# Samsung Gal. Tab sch-i815 -In need of serious help!!



## devildood (Aug 19, 2014)

I'm a noob first off...

I was trying to upgrade to ICS, and in the process I tried installing cyanogen nighties, and a gaps file, well tab wouldn't install the new cyan file, but installed the gaps with no probs, BUT, being that I have Android 3.2 it has issues with the new gaps such as the Picasso uploaded won't run, system updates won't show, and it now shows play store instead of market,and that fails too...what I want is ICS or even jellybean maybe, I have Odin 3.09 loaded on my laptop ready to go.

I look forward to any help, Thanks!!


----------



## joeten (Dec 4, 2008)

Hi and welcome to TSF you will likely find something here to help Galaxy Tab 10.1 Android Development - XDA Forum


----------



## devildood (Aug 19, 2014)

Thanks, I'll check it out....mind you my tab is 7.7 but hopefully that will have something.


----------



## devildood (Aug 19, 2014)

OK, update...was not able to find the help I needed.

I'm really hoping you experts who know how to get this particular tablet back up and running can help me...it's gathering dust as we speak, and I would love to be using it.

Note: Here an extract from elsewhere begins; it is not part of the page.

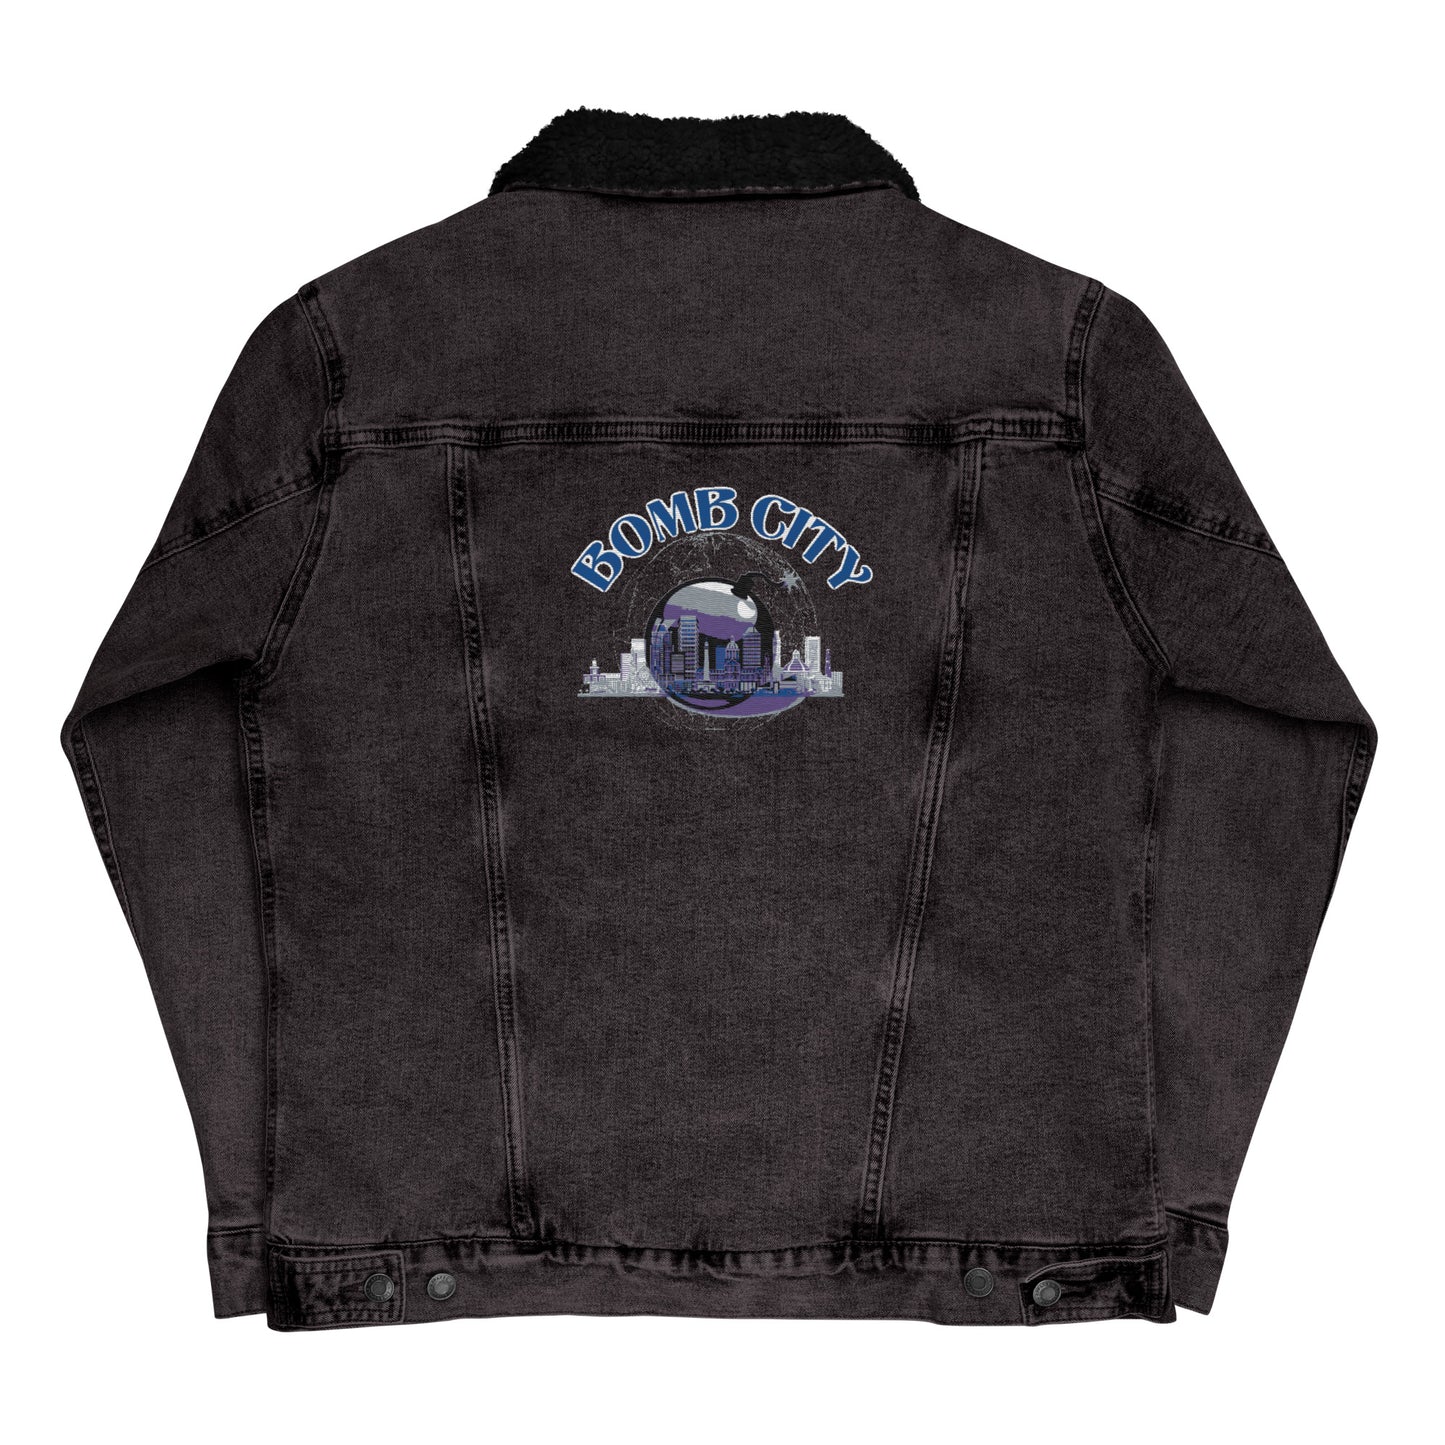 Bomb City Embroidered logo denim sherpa jacket. (Available in Blue Jean)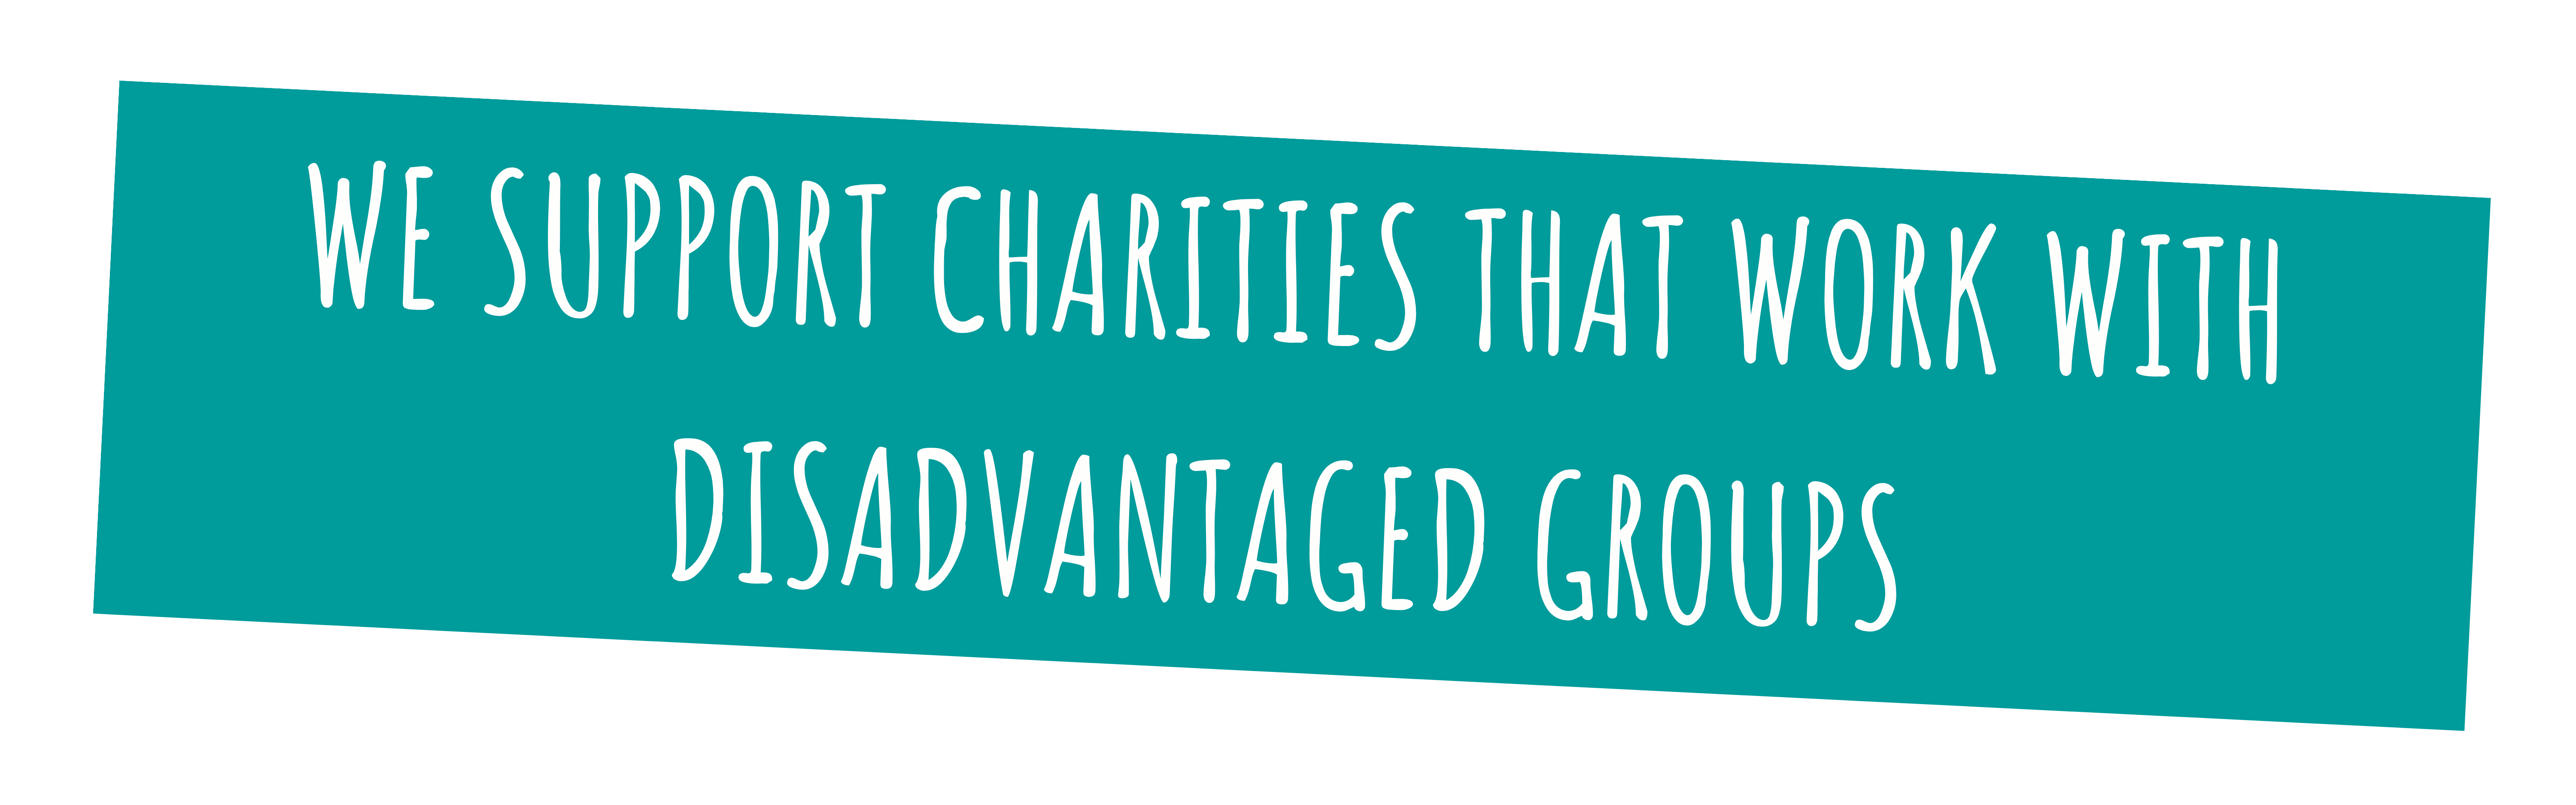 We support charities that work with disadvantaged groups

Again, I have CWL installed in the recovery, so I am able to access this ONLY, I cannot boot, it simply stays at the initial splash screen and stays there. :banghead:

I await the experts to save my noobish ways, and educate me so I will not do this in the future!!! :uhoh:

Thanks, Devildood :devil:


----------



## wolfen1086 (Oct 4, 2007)

Try this particular area
Samsung Galaxy Tab 7.7 - XDA Forums
And I'd stay away from CM if possible, I tried a :stable" version of CM on my Galaxy S4 and the phone didn't even work


----------